“Inlaid Papier-mache” on The Iris: An Illuminated Souvenir for 1851. Philadelphia: Lippincott, Grambo & Co., 1851.(Gift of Michael Zinman.) |
Full calf, “sunk panel” on The Iris: An Illuminated Souvenir for 1851. Philadelphia: Lippincott, Grambo & Co., 1851. |
Lippincott, Grambo & Co. offered The Iris, An Illuminated Annual for 1851 in six different binding styles, two of
which are shown above. At the top is what they advertised as “Turkey Morocco
beveled, inlaid with Papier Maché” and below is “Calf…sunk panel and beveled.” These bindings show how
bookbinders, in the competitive era of gift book publishing, bound books with ingenuity
and efficiency. The bookbinder made a
sunken impression in the leather cover that would accommodate the shape of the
papier-mâché panel and also made an arrangement of brass ornaments that stamped
a lacy gold pattern around it.
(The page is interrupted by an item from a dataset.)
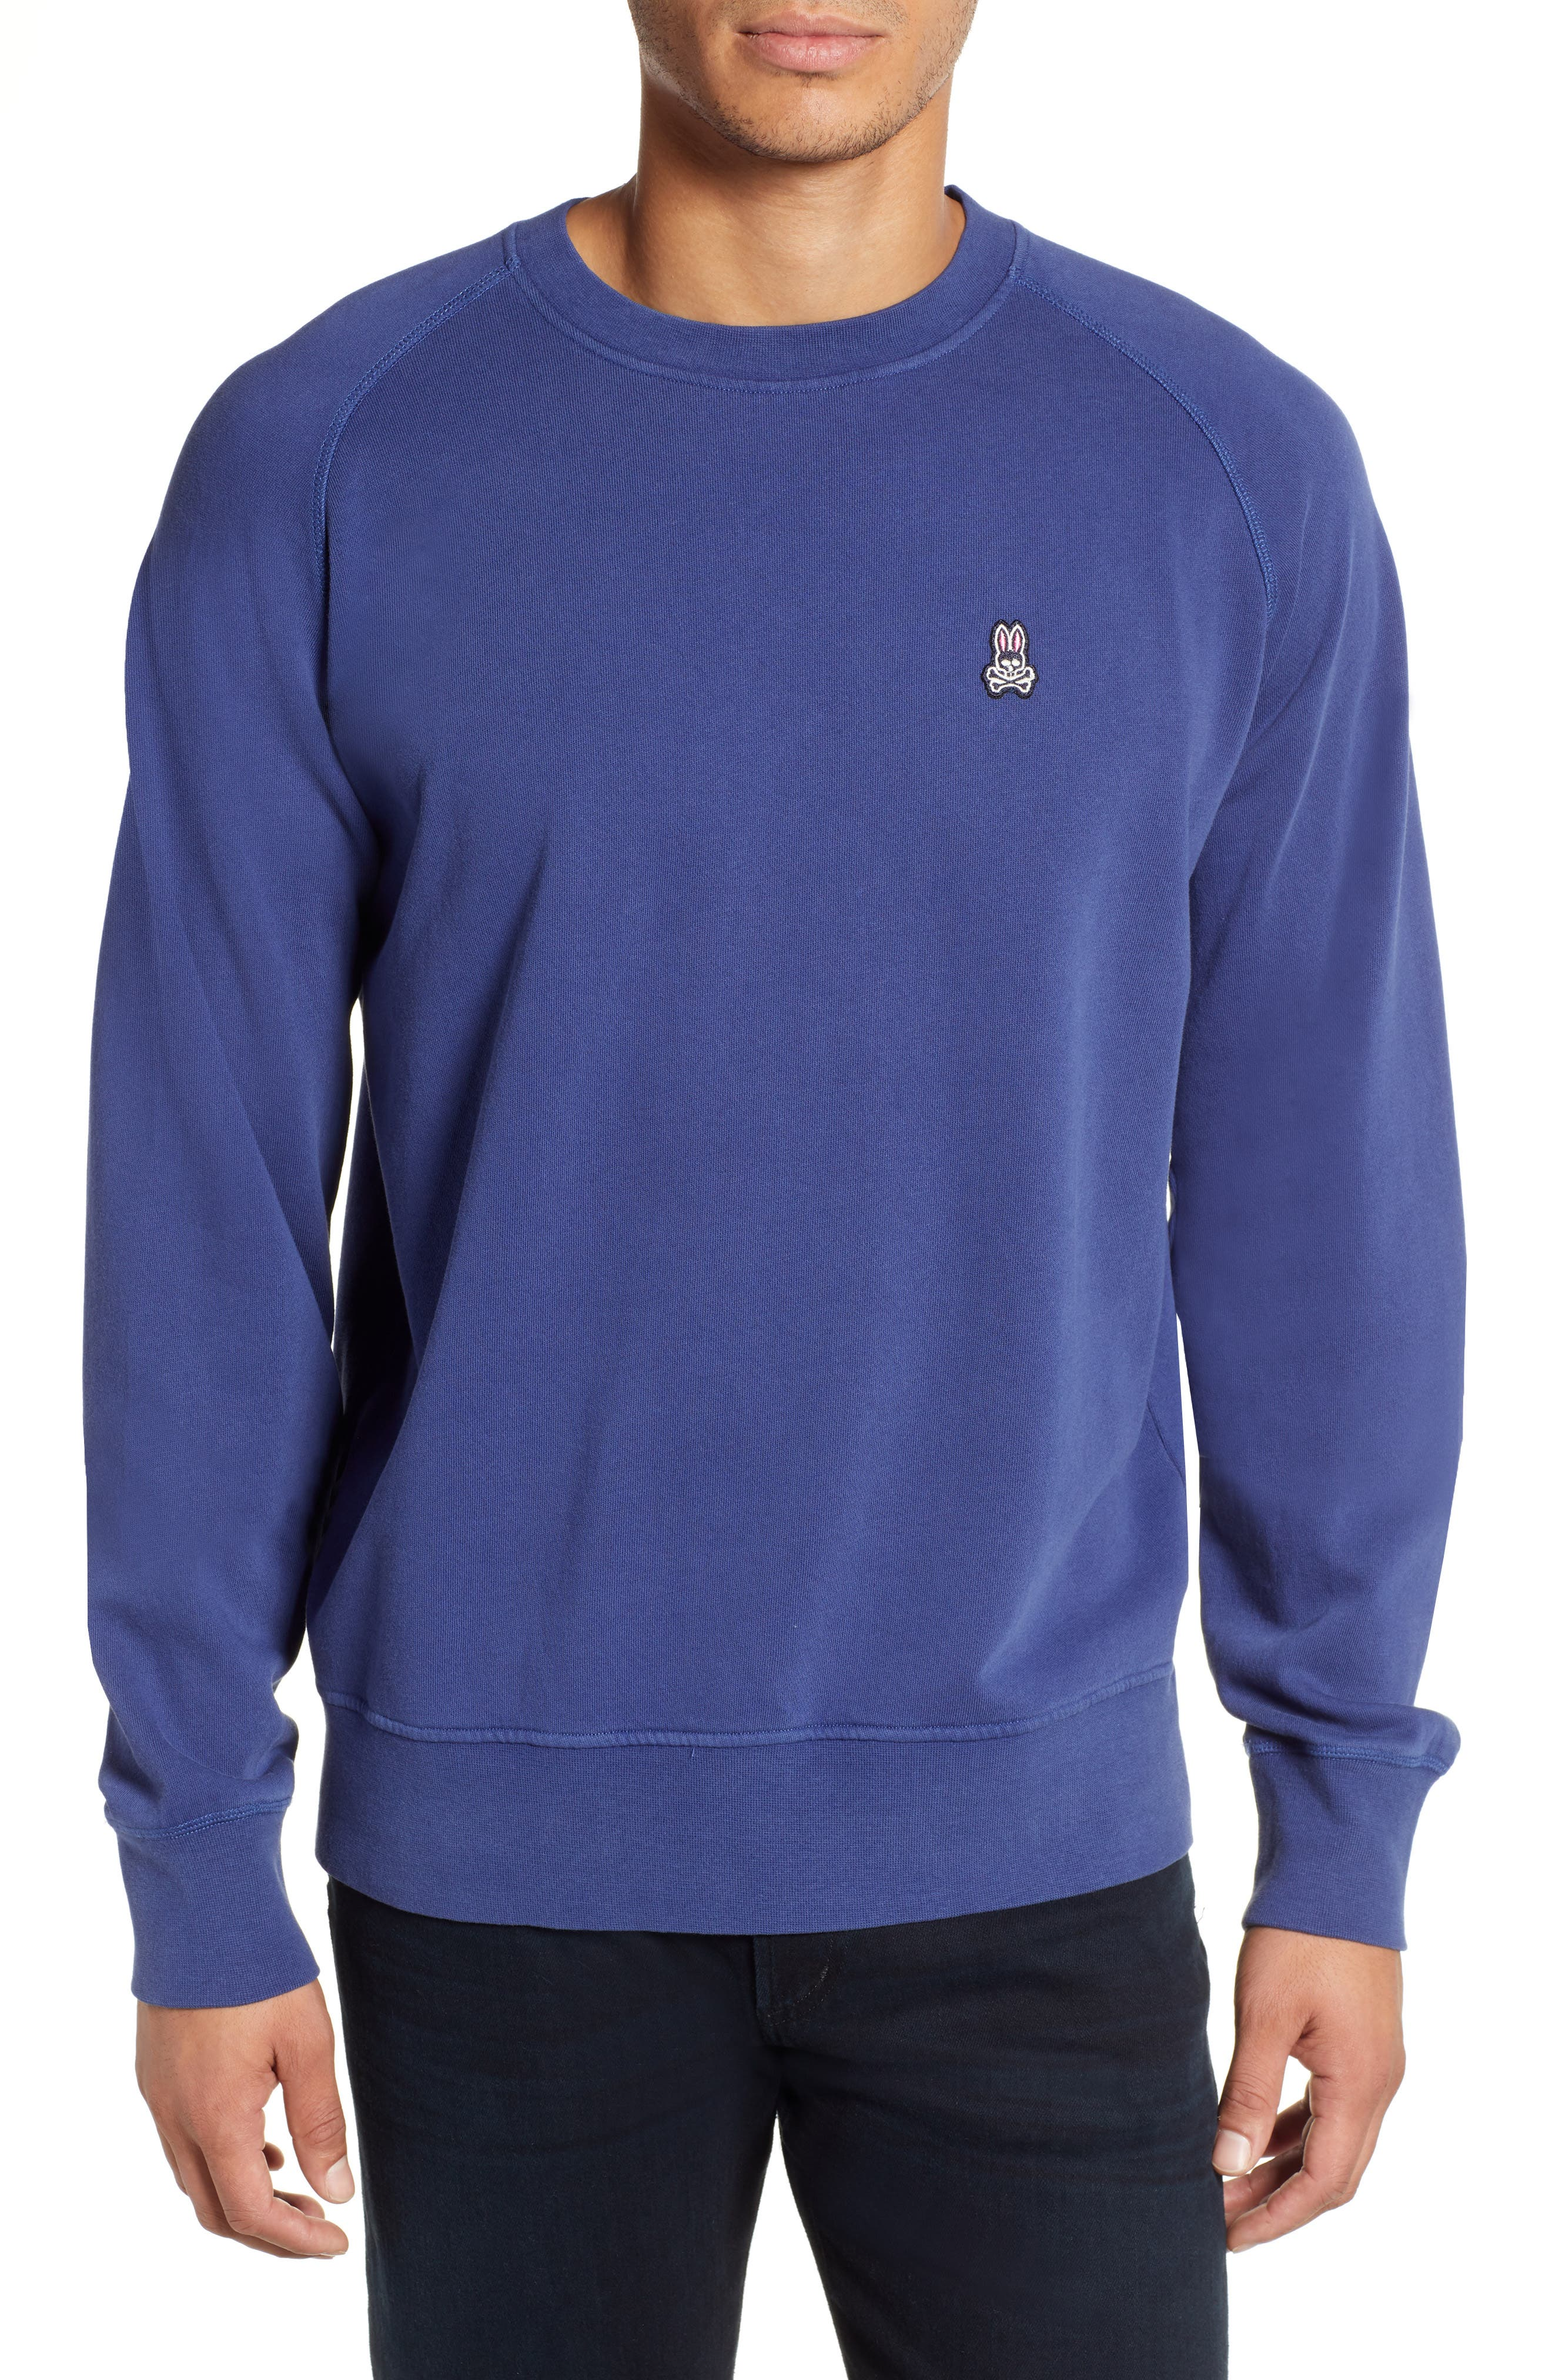 PSYCHO BUNNY Dunham Crewneck Sweatshirt in Blue Print

Setting up the brass ornaments and creating the
die that made the deep impression in the leather would have been costly and
time consuming. It is not surprising, then, that the same brass ornaments and
die were used on another version of the same book, with the title stamped in
the sunken area.
The inlaid papier-mâché panel may
have been manufactured for another purpose. With its undulating contour, it
resembles other papier-mâché products from the same period. Attached to an ivory handle, it could have been a hand screen,
or mounted with hinges, it could also have been a box lid. Papier-mâché
manufacturers used punches and forms to create various shapes, and the
bookbinders had the ingenuity to use the papier-mâché in interesting ways.